Brief: Below this line are records; write out exactly the lines from the one containing "Two young girls" through the one containing "Tranel Family Farms", with the pictures left out.

Recorded information section start

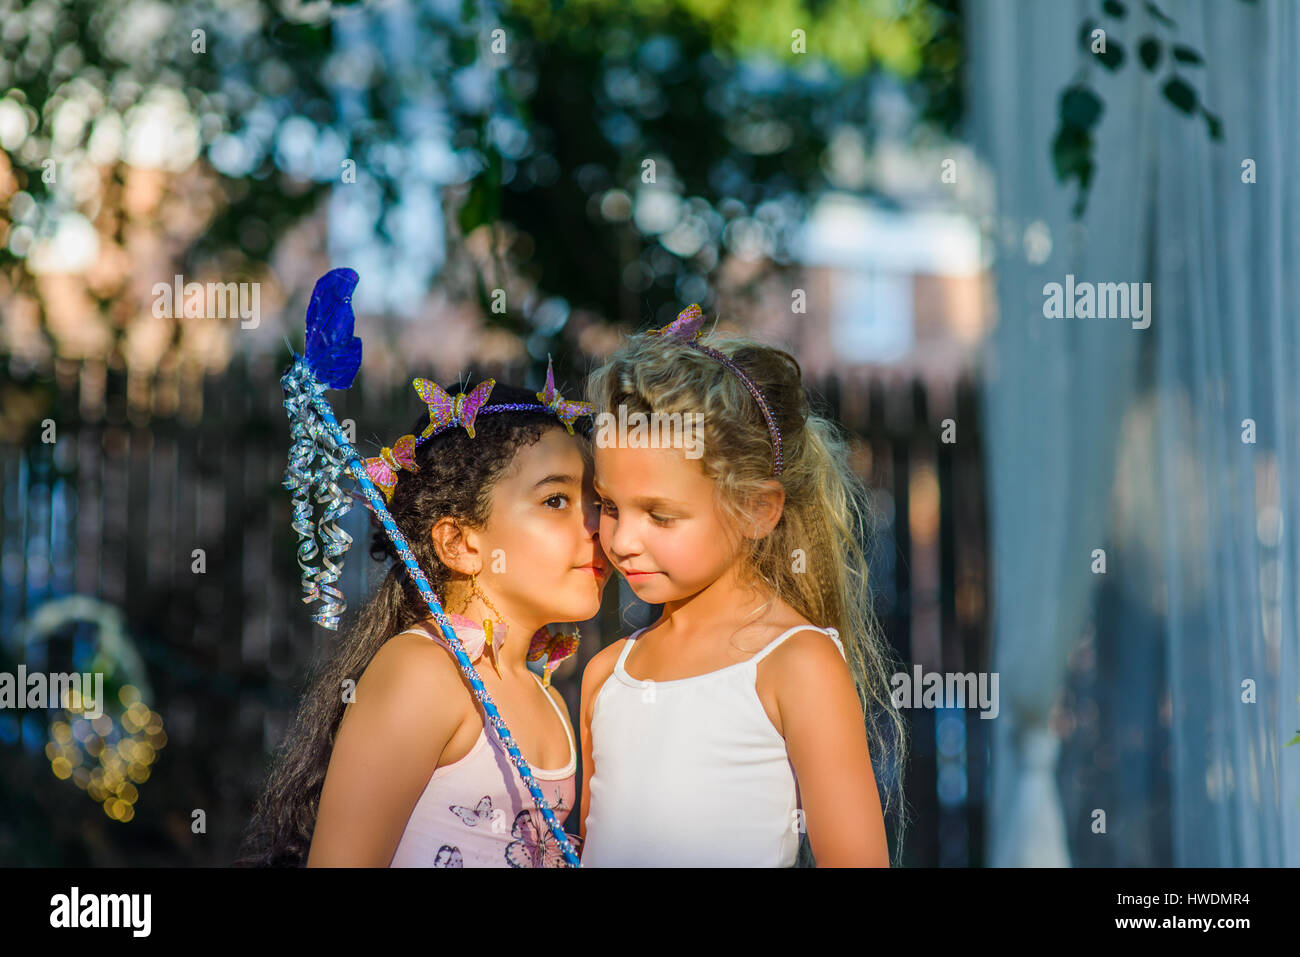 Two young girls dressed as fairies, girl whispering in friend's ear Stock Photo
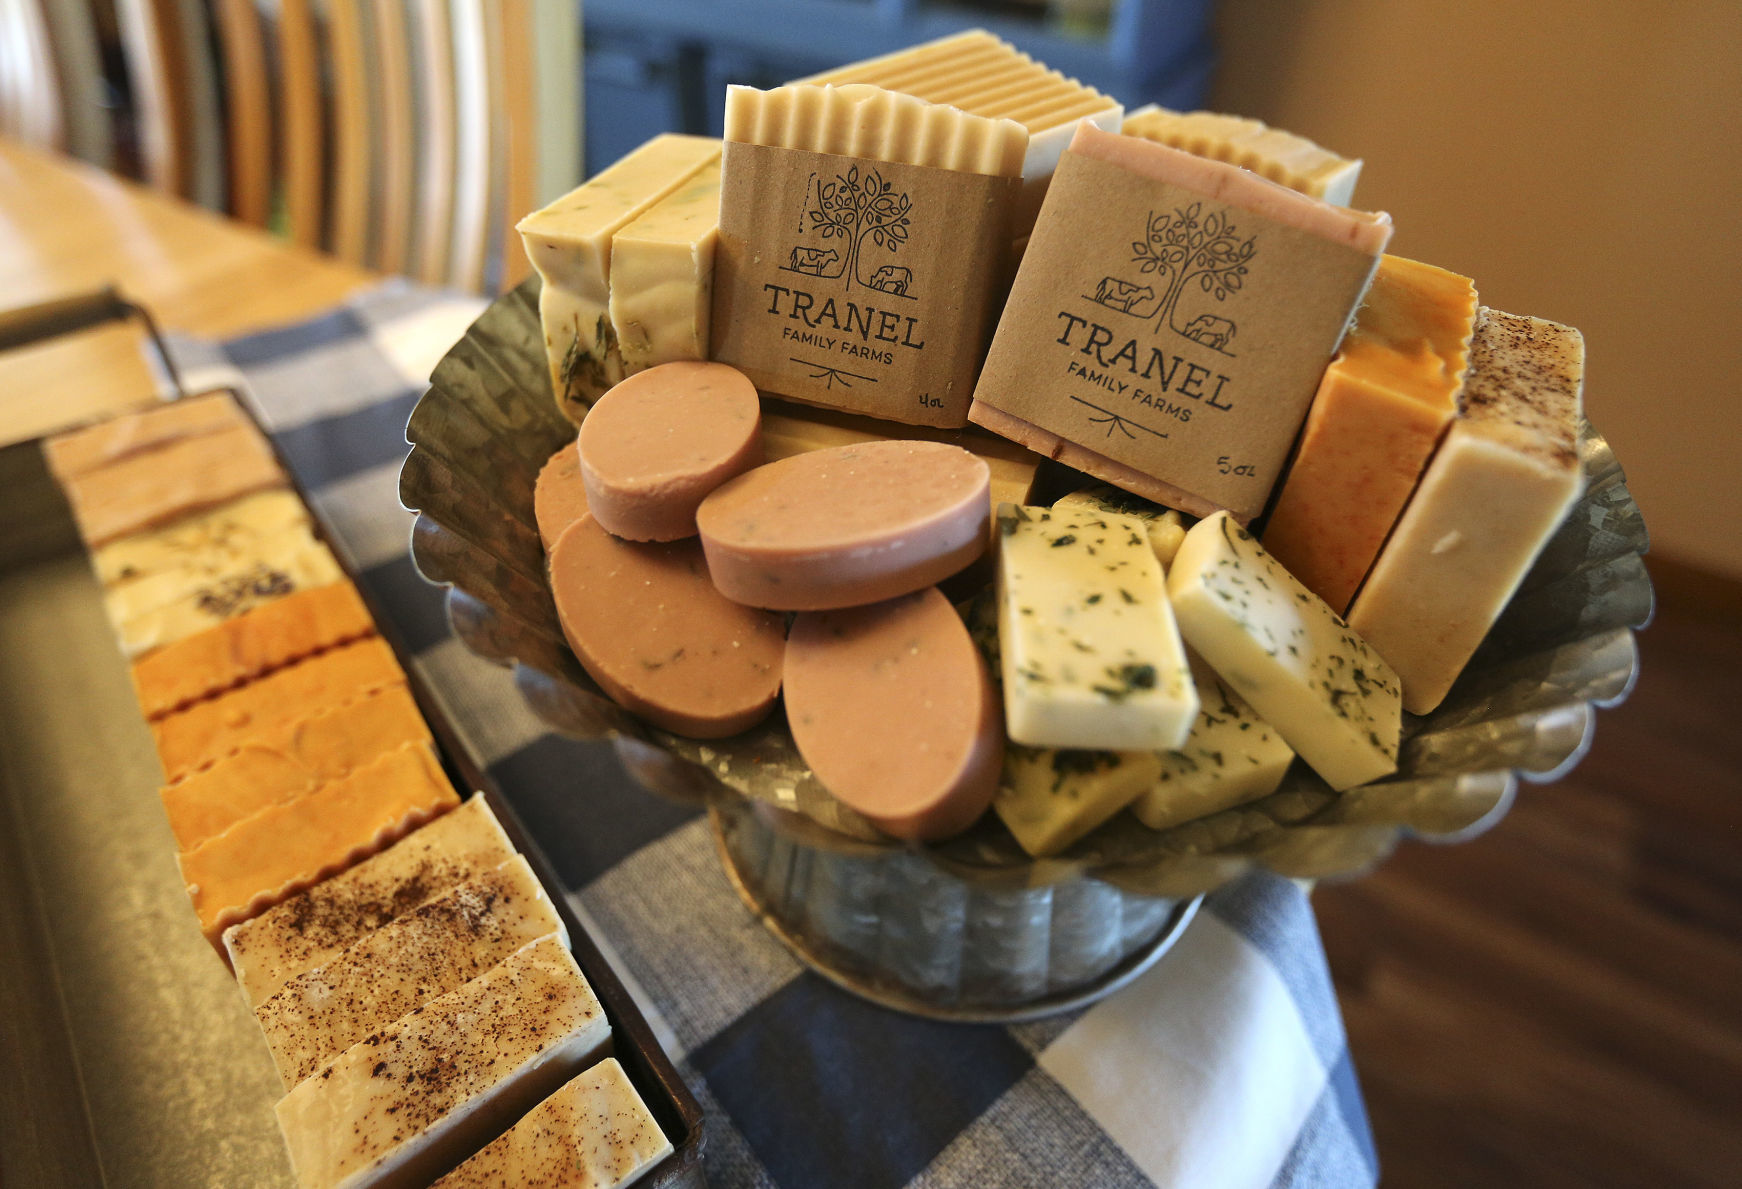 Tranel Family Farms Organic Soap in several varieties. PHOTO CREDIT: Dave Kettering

Recorded information section end
Recorded information section start

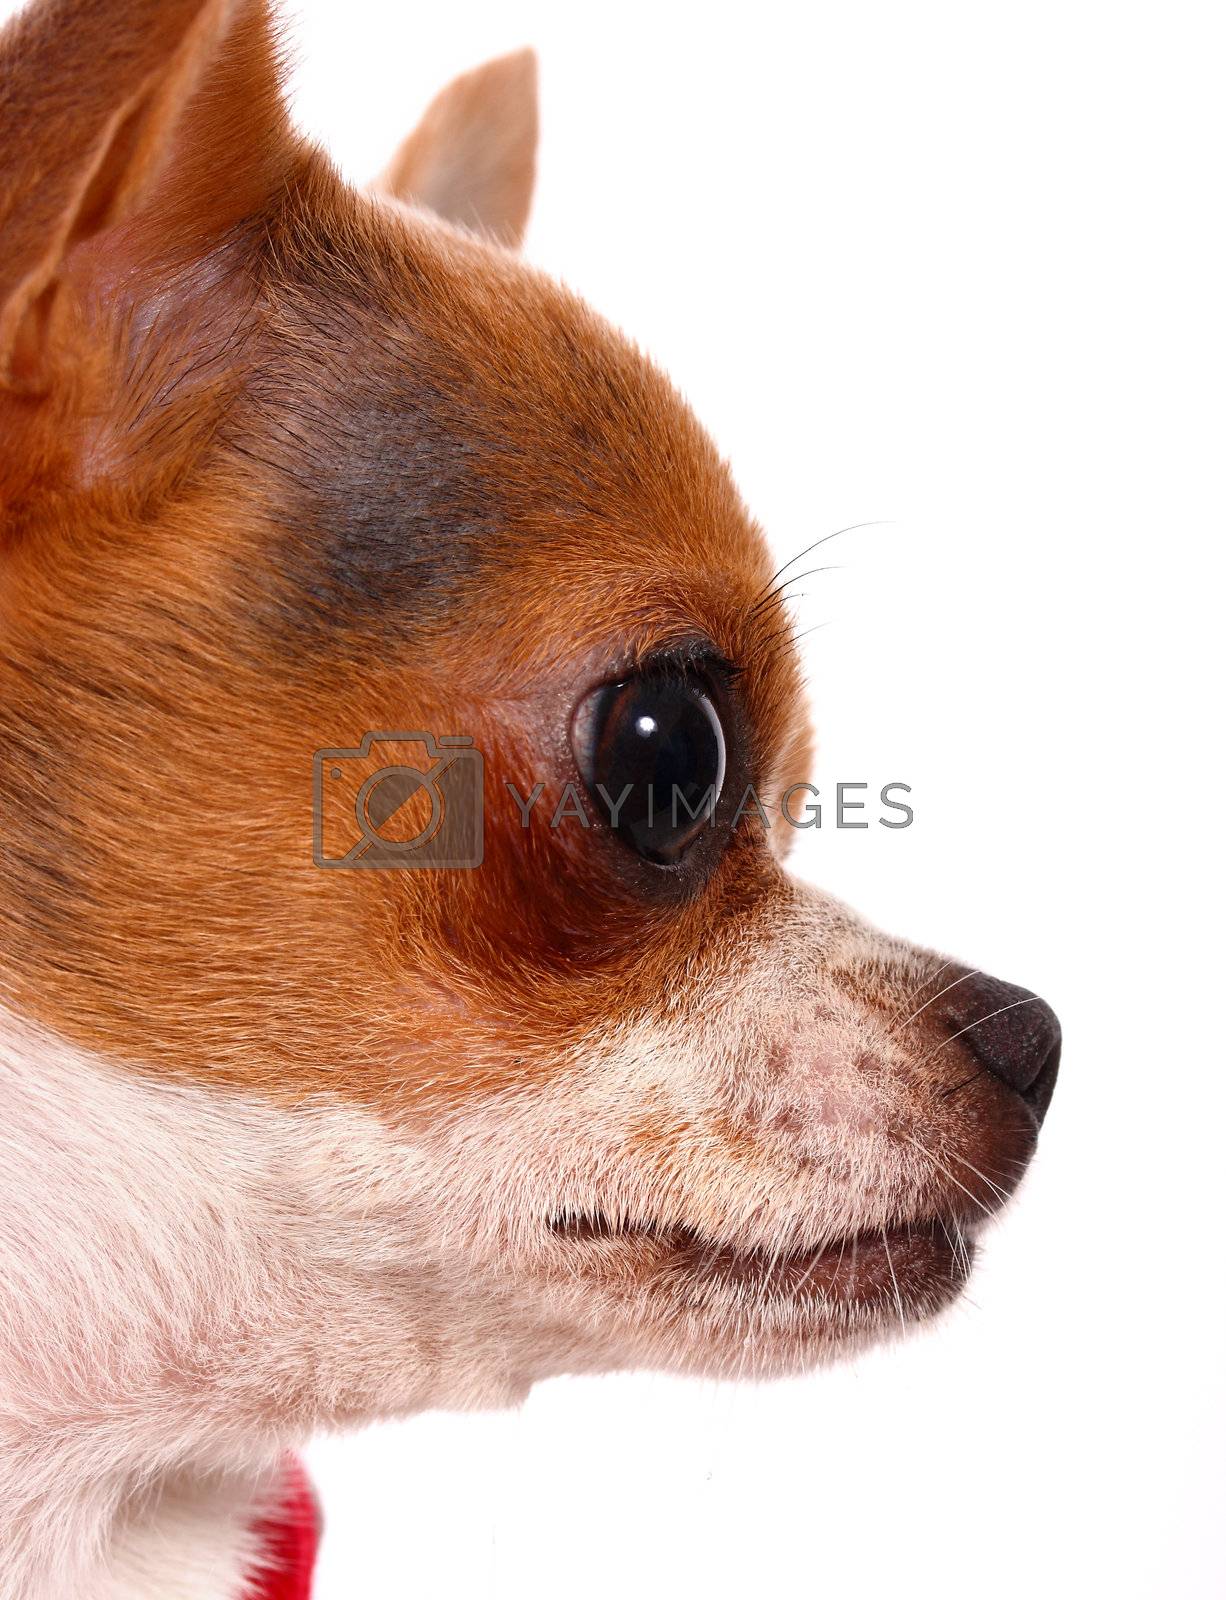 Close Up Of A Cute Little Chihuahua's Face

Recorded information section end
Recorded information section start

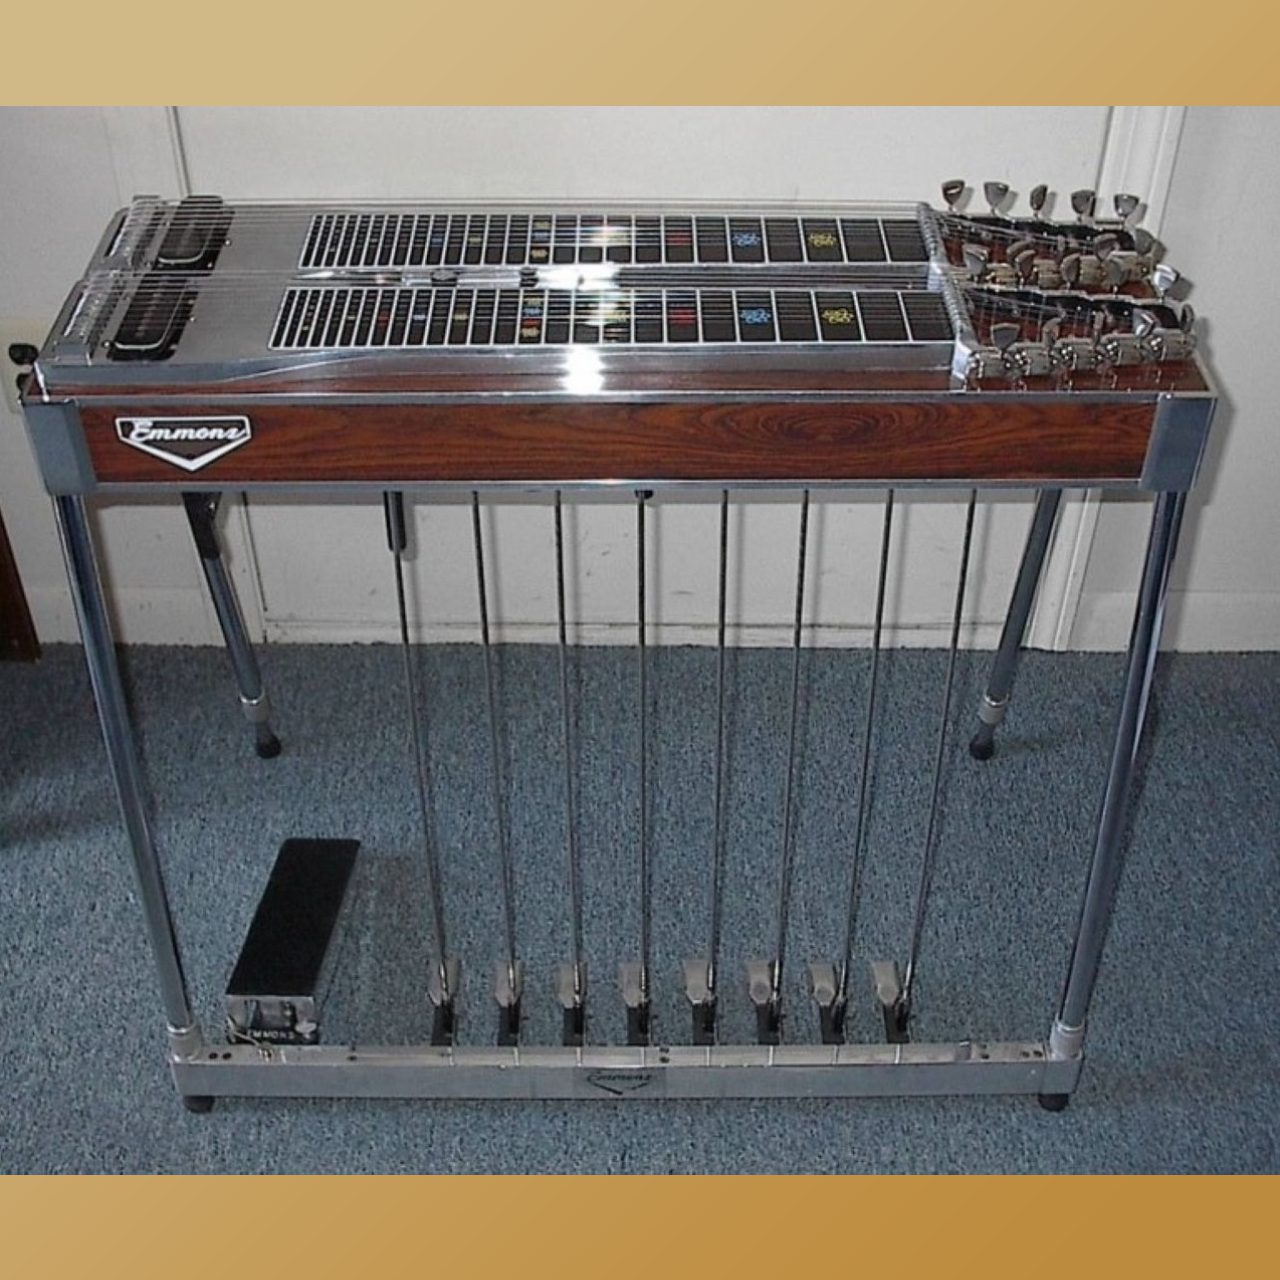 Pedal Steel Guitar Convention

Recorded information section end

Answer to the exercise:
 Two young girls dressed as fairies, girl whispering in friend's ear Stock Photo
 Tranel Family Farms Organic Soap in several varieties. PHOTO CREDIT: Dave Kettering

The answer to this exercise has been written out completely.